ALJ Julia Davis determined that the Police Department may not retain a vehicle seized as an alleged instrumentality of a crime. Respondent, the owner of the vehicle, was stopped by police officers for driving a vehicle with tinted windows. The officers then searched his vehicle after spotting a knife in the driver’s side door panel and arrested him when they found a firearm on the floor of the rear passenger side. The ALJ found that, for the limited purpose of this hearing, the stop of respondent’s vehicle was proper because police officers may stop and approach an automobile to enforce traffic regulations. However, the ALJ also found that the search of the vehicle was impermissible because automobile searches incident to a lawful arrest are limited to the arrestee’s person and the area from which he may gain possession of a weapon or evidence and here, respondent was outside the vehicle when the search occurred.

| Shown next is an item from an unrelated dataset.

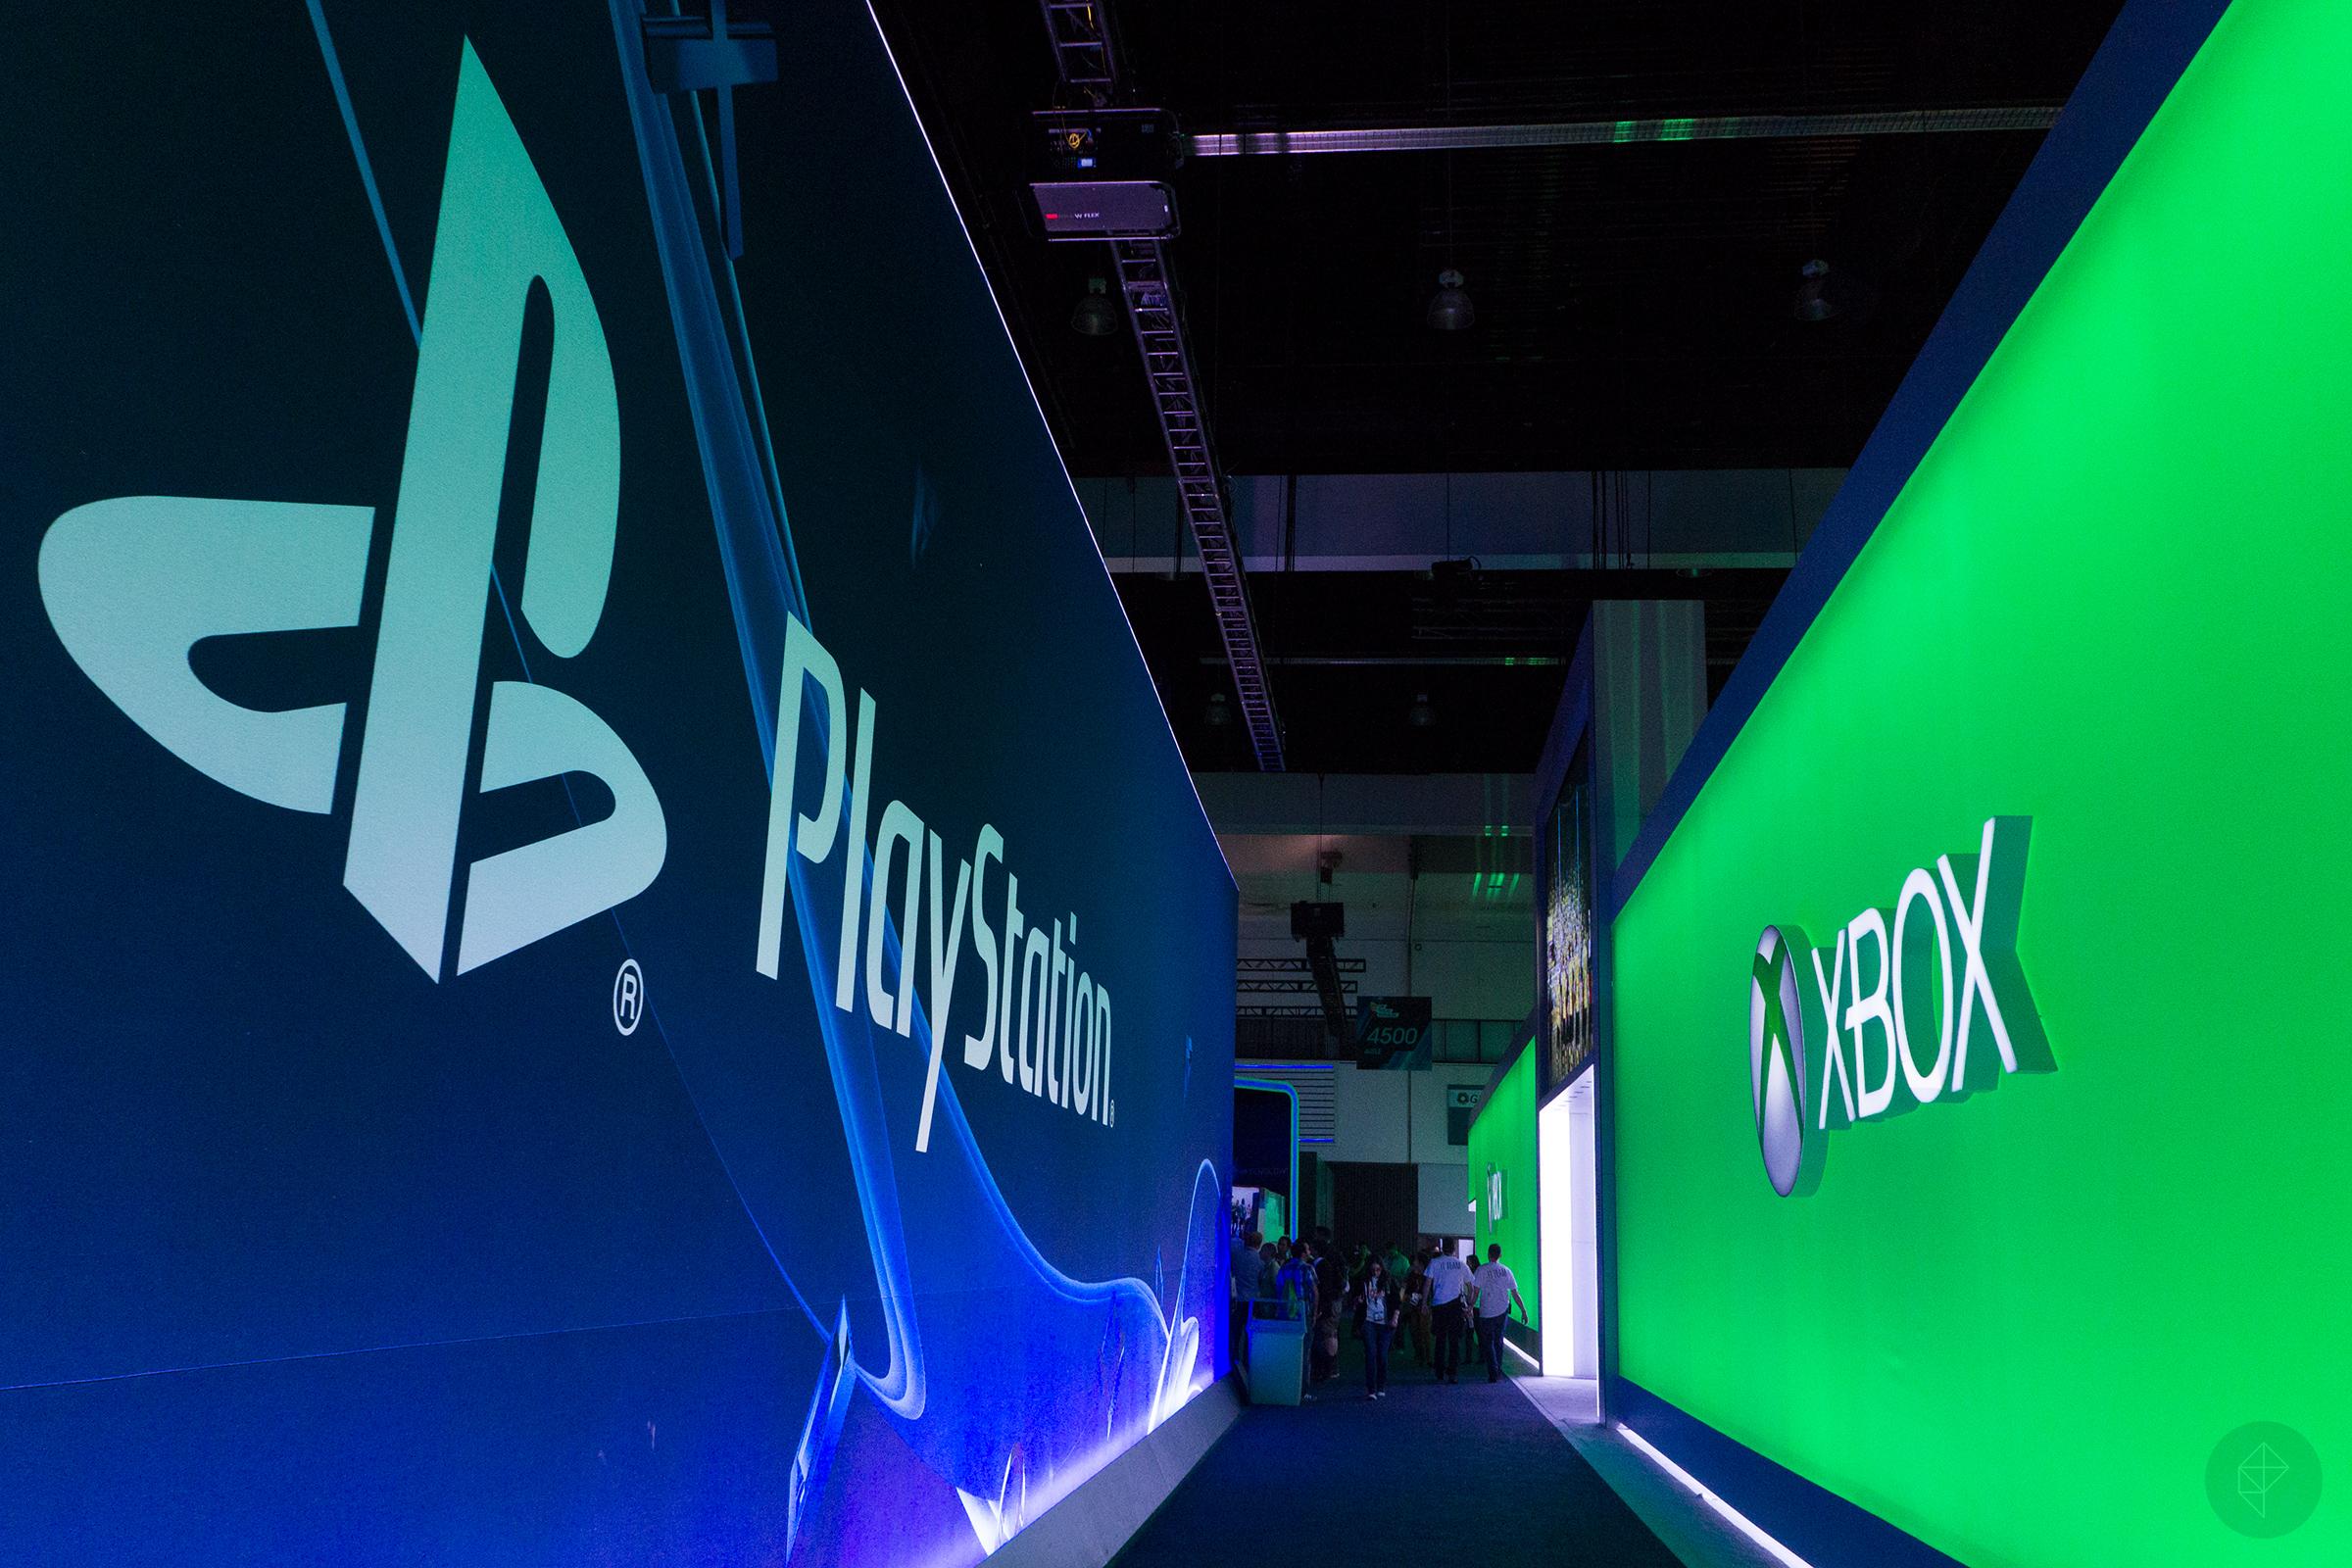 E3 2017: schedule and press conference live streams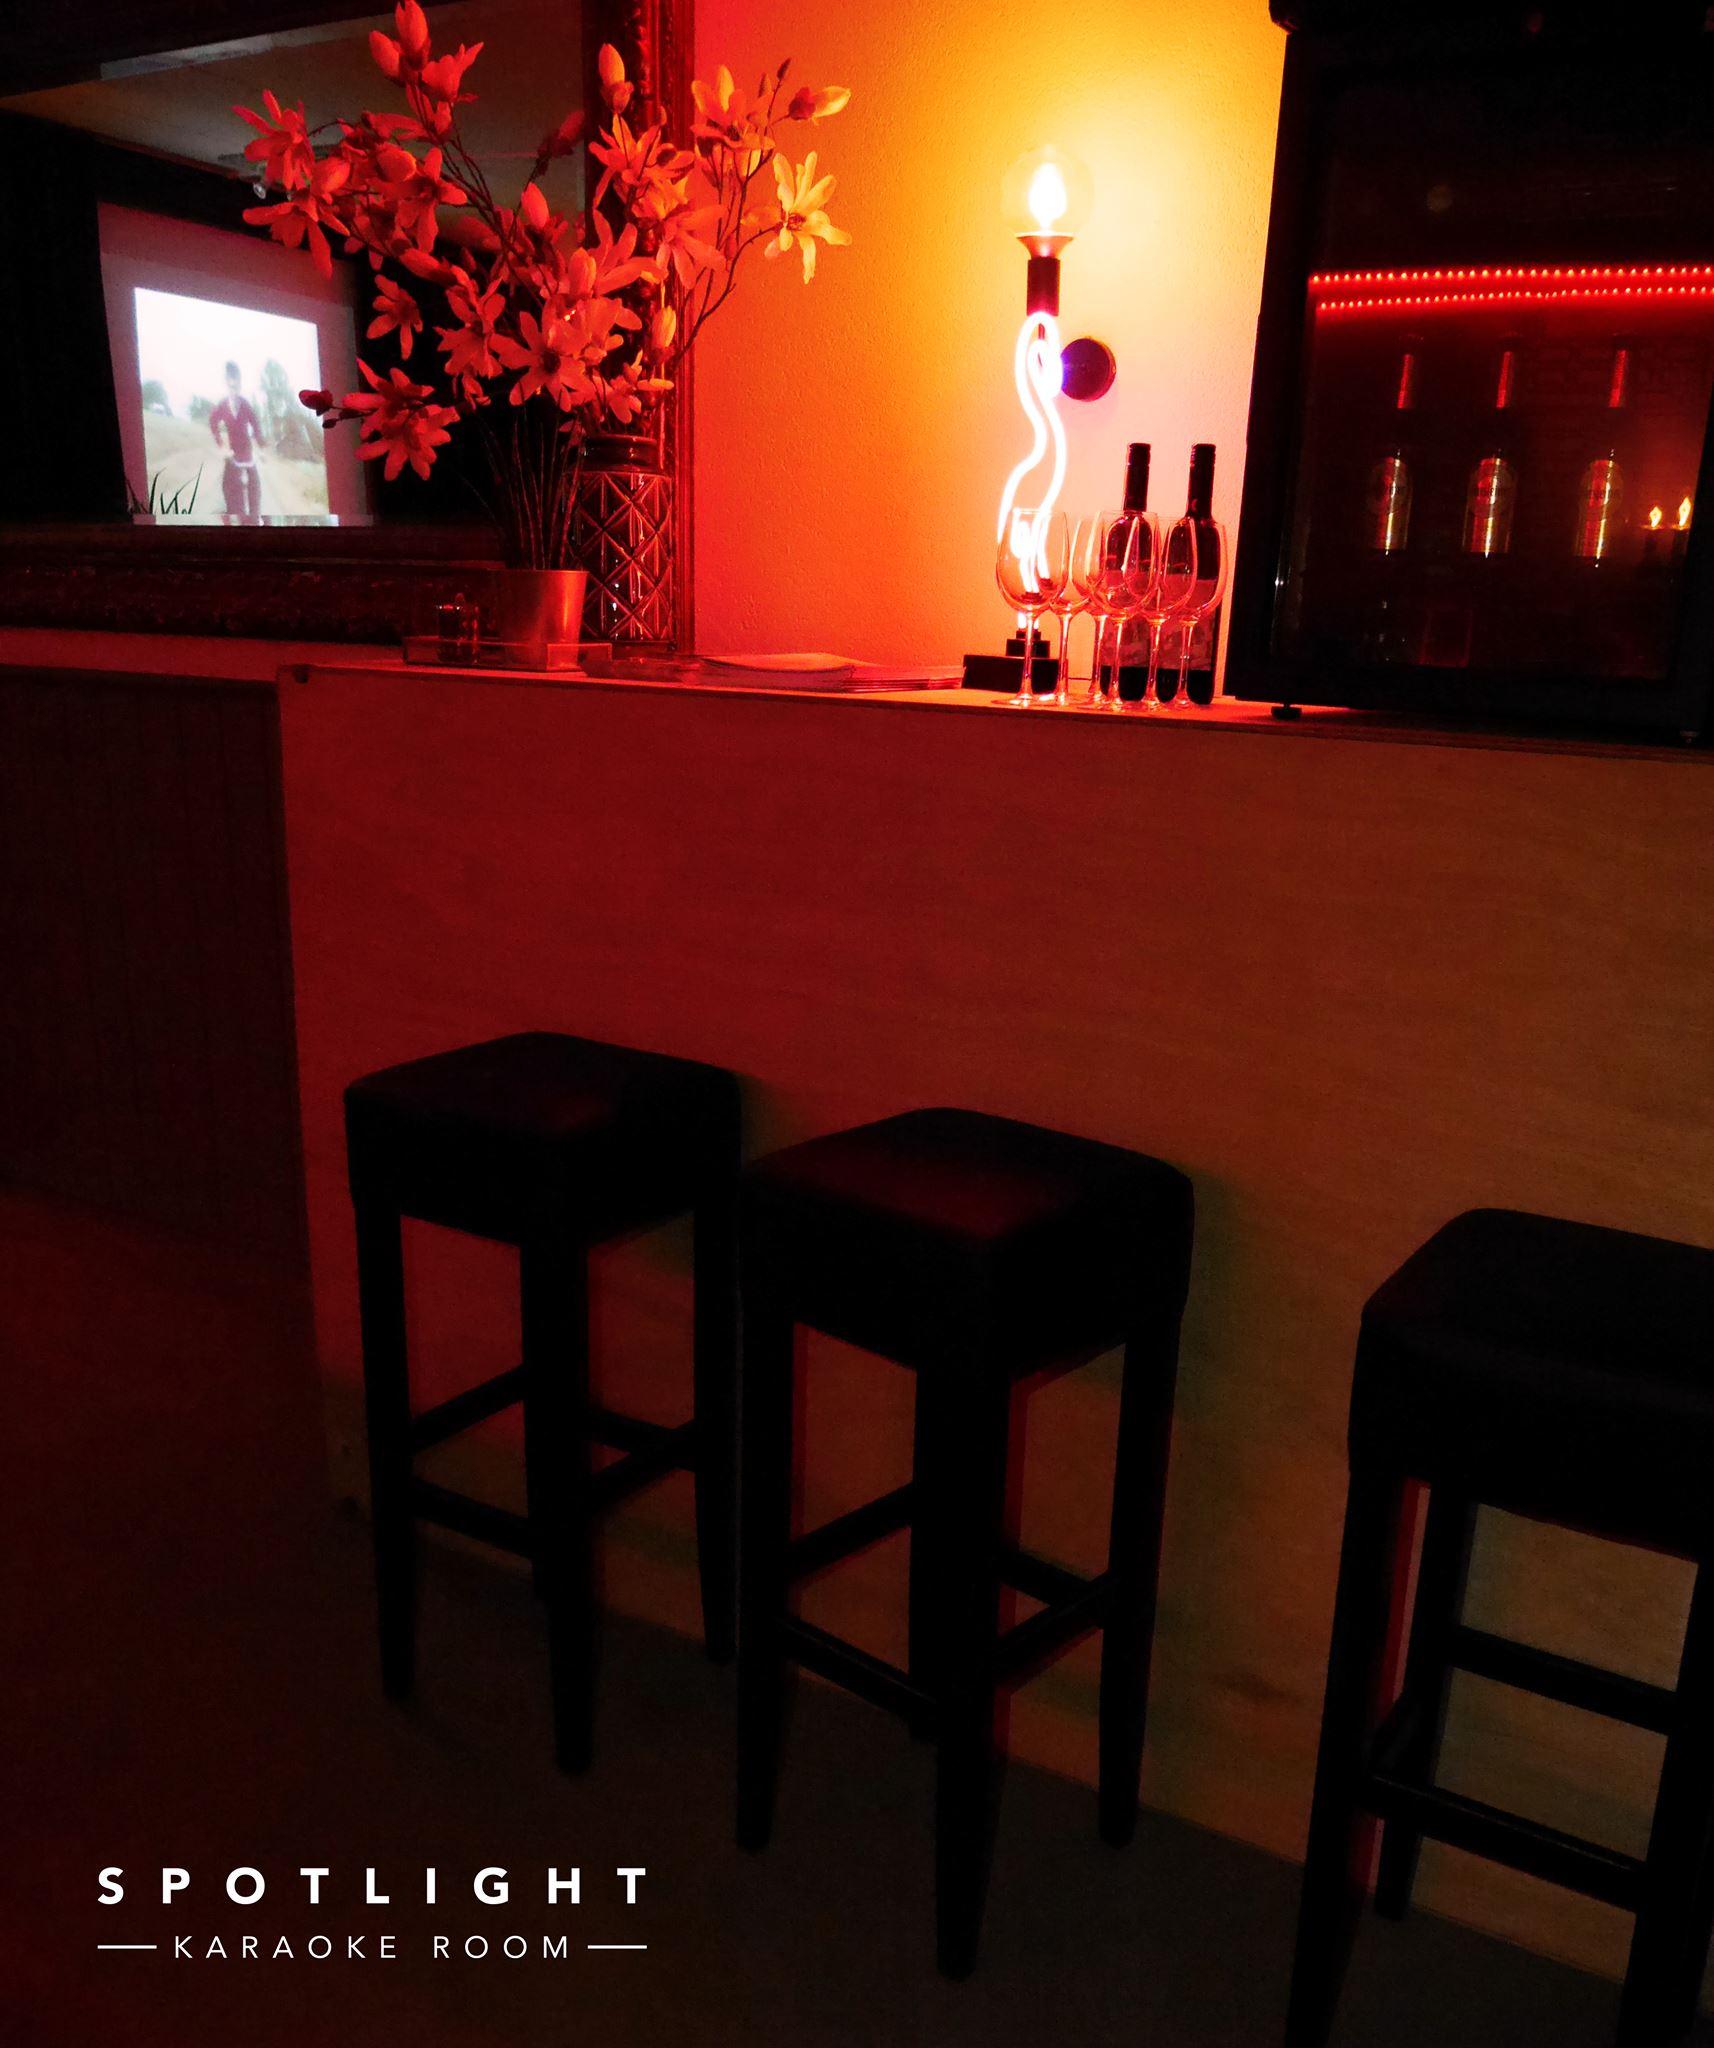 retro-karaoke-prive-spotlight

This was also not a valid inventory search because petitioner presented no evidence of an authorized procedure that the officers followed pursuant to their search of the vehicle. Accordingly, the ALJ found that the petitioner failed to prove it would prevail in a civil action for forfeiture of the vehicle and directed petitioner to release respondent’s vehicle. Police Dep’t v. Fortes, OATH Index No. 2022/25, mem. dec. (May 9, 2025).


Prodecure

ALJ Joycelyn McGeachy-Kuls denied respondent’s application to take judicial notice of, or admit as evidence, transcripts from a prior proceeding. Petitioner, the Department of Sanitation, charged respondent with time and leave violations. Respondent appeared for the first day of trial but then failed to appear subsequently and authorized his counsel to proceed in his absence, without presenting any witnesses or evidence. Following the conclusion of trial, respondent made an application for the tribunal to take judicial notice of transcripts from a prior trial at OATH involving respondent, on the basis that respondent was an unavailable witness. The ALJ denied this request because the transcript of the prior proceeding contains contested information and information that is not common and general knowledge. The ALJ rejected the argument that the transcripts are admissible as prior judicial admissions because such admissions are offered to establish an inconsistency between respondent’s former and current testimony, and respondent failed to testify in this proceeding. The ALJ also denied the argument that the transcripts were admissible as prior testimony hearsay because there was no evidence respondent was unavailable for trial. Dep’t of Sanitation v. Guiseppone, OATH Index No. 789/25 (May 7, 2025).